There were widespread fears a month ago that the terrorist attacks in the United States would throw the world’s financial markets into turmoil.
Although there has been no sign of serious disorder caused by the attacks, it’s still too early to conclude that better days lie ahead for equity markets.
Worries remain over global economic prospects in general and the outlook for the U.S. economy in particular.
With business sentiment faltering, capital spending remains sluggish in the United States. Consumer spending is holding its own, despite the anxiety about the effect of the terrorist attacks.
But this anxiety could prove too strong.
A slump in consumer spending would cast a long shadow over already bleak U.S. economic prospects and, therefore, the outlook for economies across the world.
Another factor clouding world economic prospects is uncertainty about the scope and duration of U.S. military action against terrorist targets in Afghanistan.
If the war ends quickly, the U.S. economy will no doubt rebound, riding high on growing demand for war materials and other goods.
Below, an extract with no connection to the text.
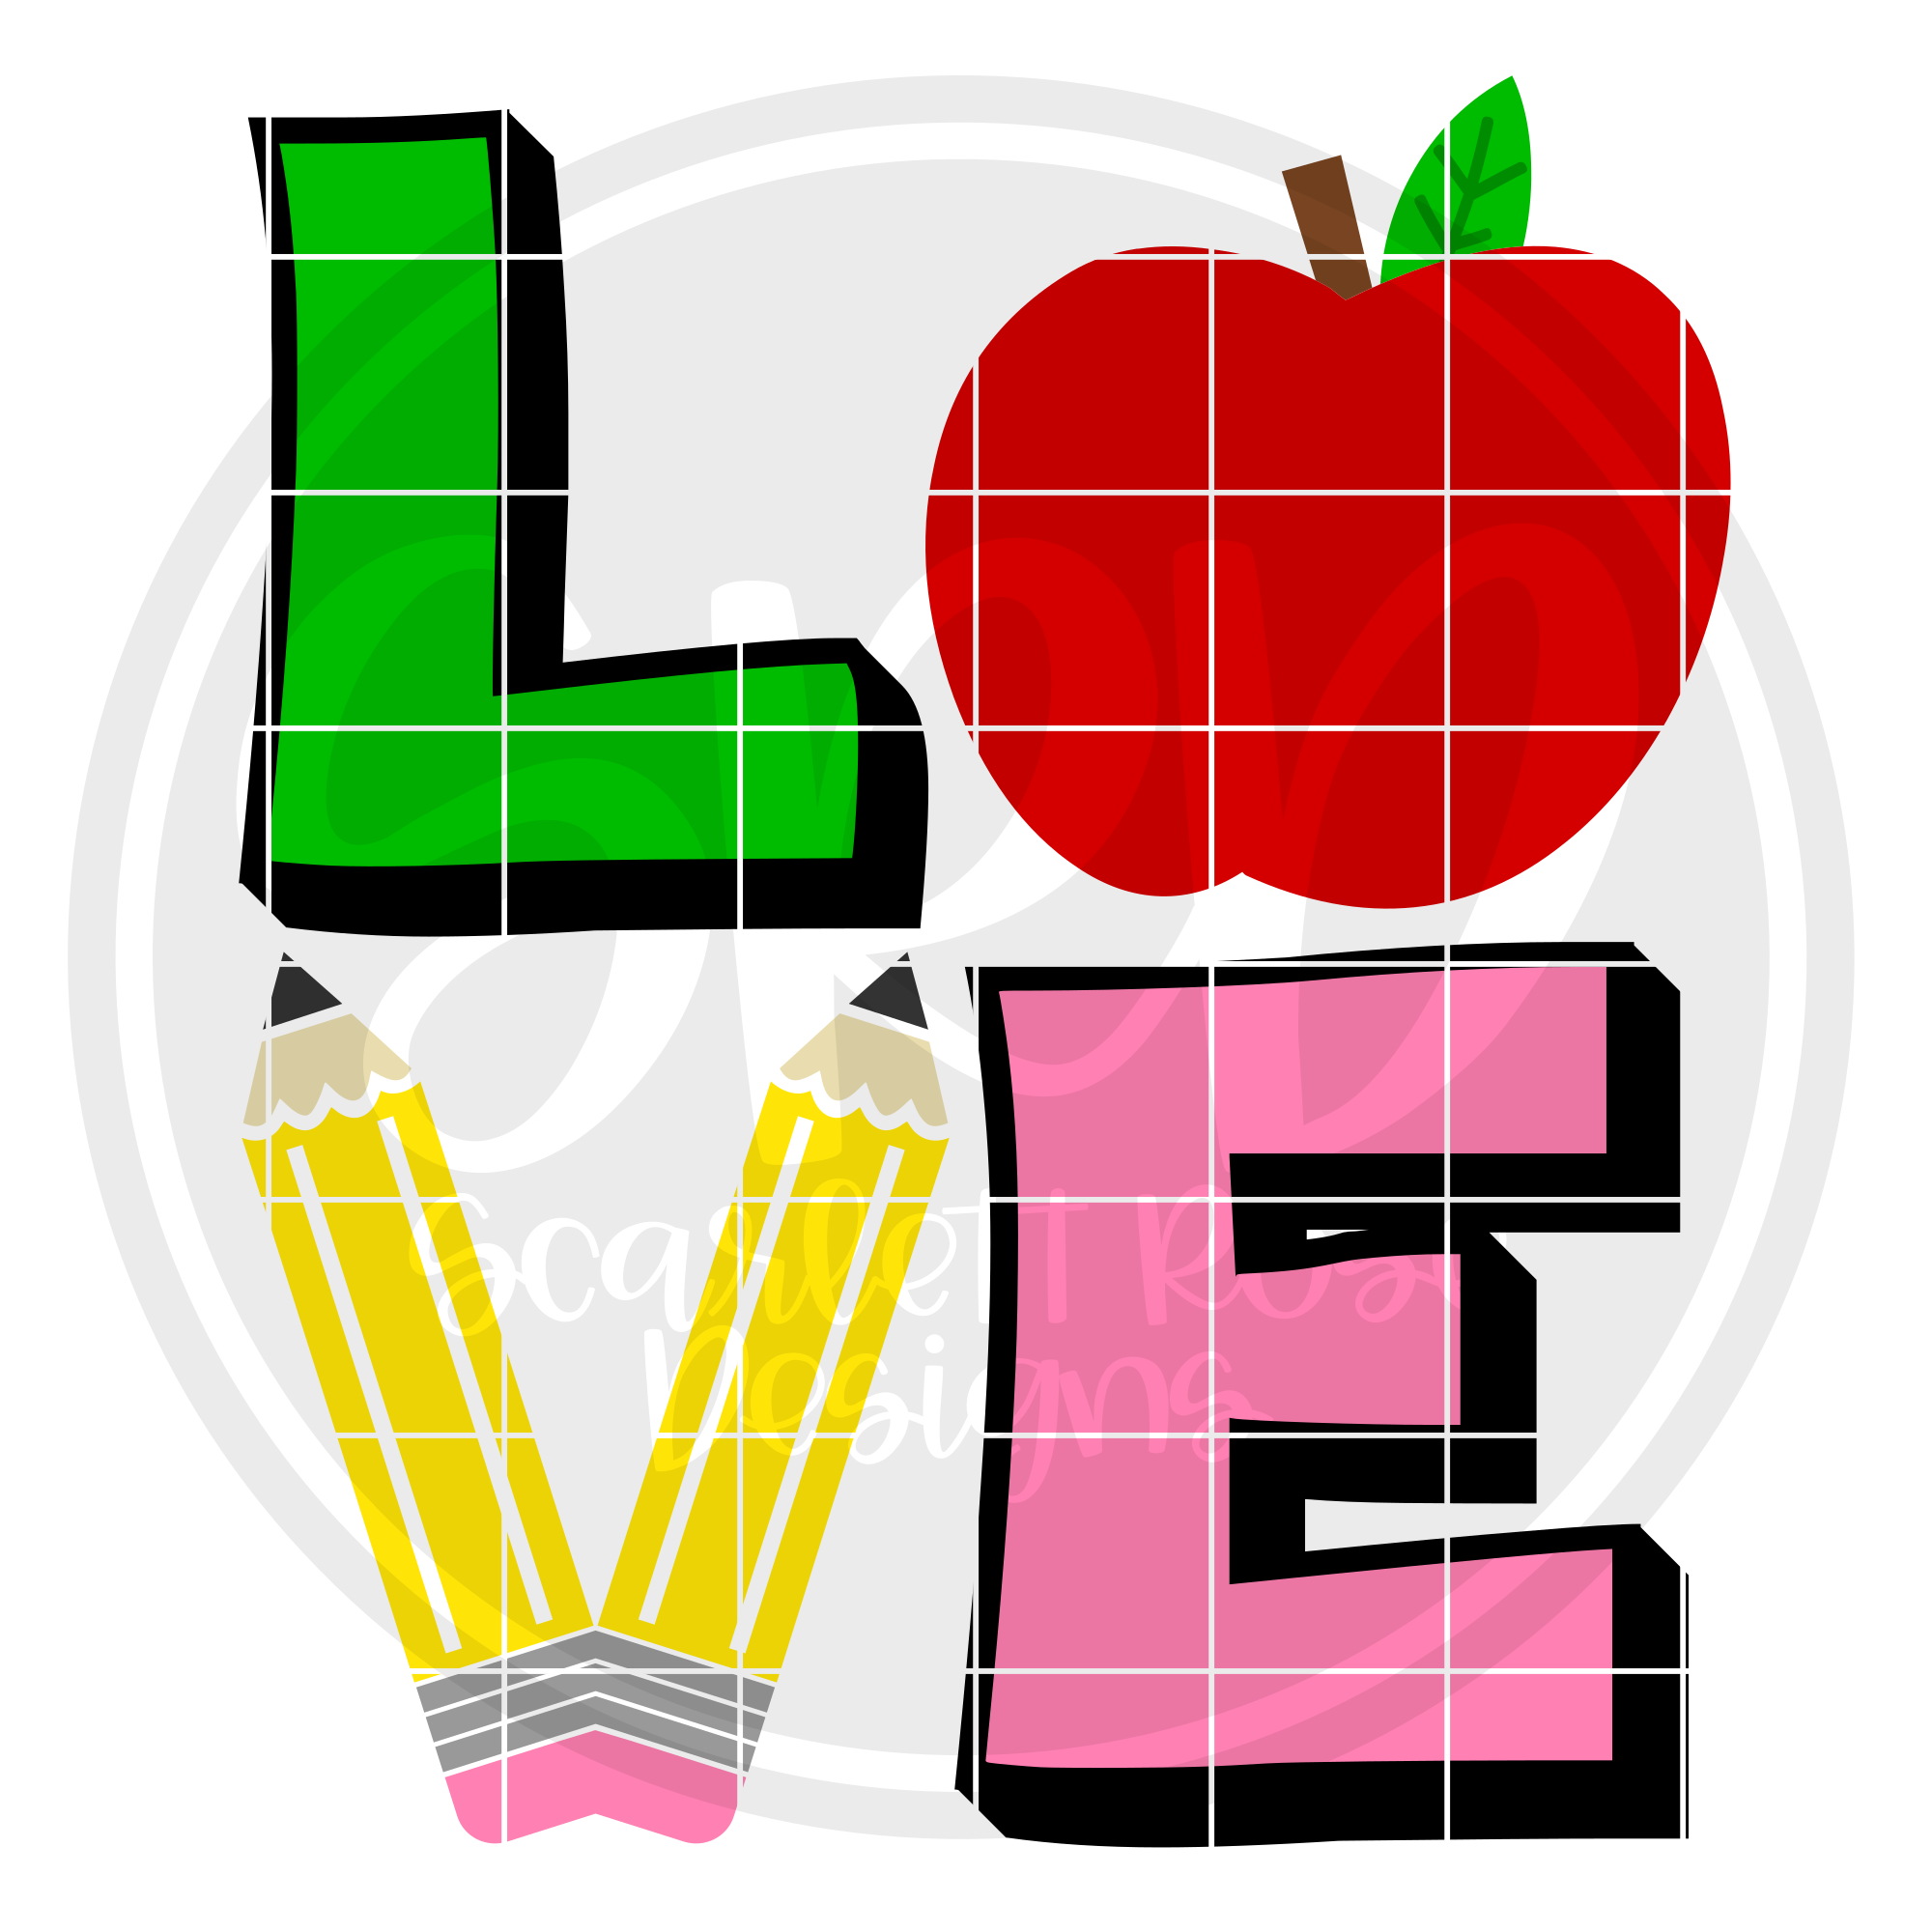 Free Free 227 Teacher Appreciation Teach Love Inspire Svg SVG PNG EPS DXF File

But if the military action drags on, a prolonged economic slowdown will be inevitable.
In Japan, there are widespread fears that the beleaguered economy will slide into a deflationary spiral.
Needless to say, the nation is faced with the overriding need to push for economic restructuring. But stepped-up efforts to write off banks’ bad loans would adversely impact the already weak domestic economy.
The underlying economic reality is weighing on share prices. Many analysts cite as major factors behind the recent rebound in Japanese share prices a pickup in the flow of money into stock markets around the world and investors’ moves to cover their short positions by buying back stocks.
Short sellers should have benefited from the recent tumble in share prices and have unwound their positions to cash in on profits.
The rally prompted by such factors cannot be sustained for long.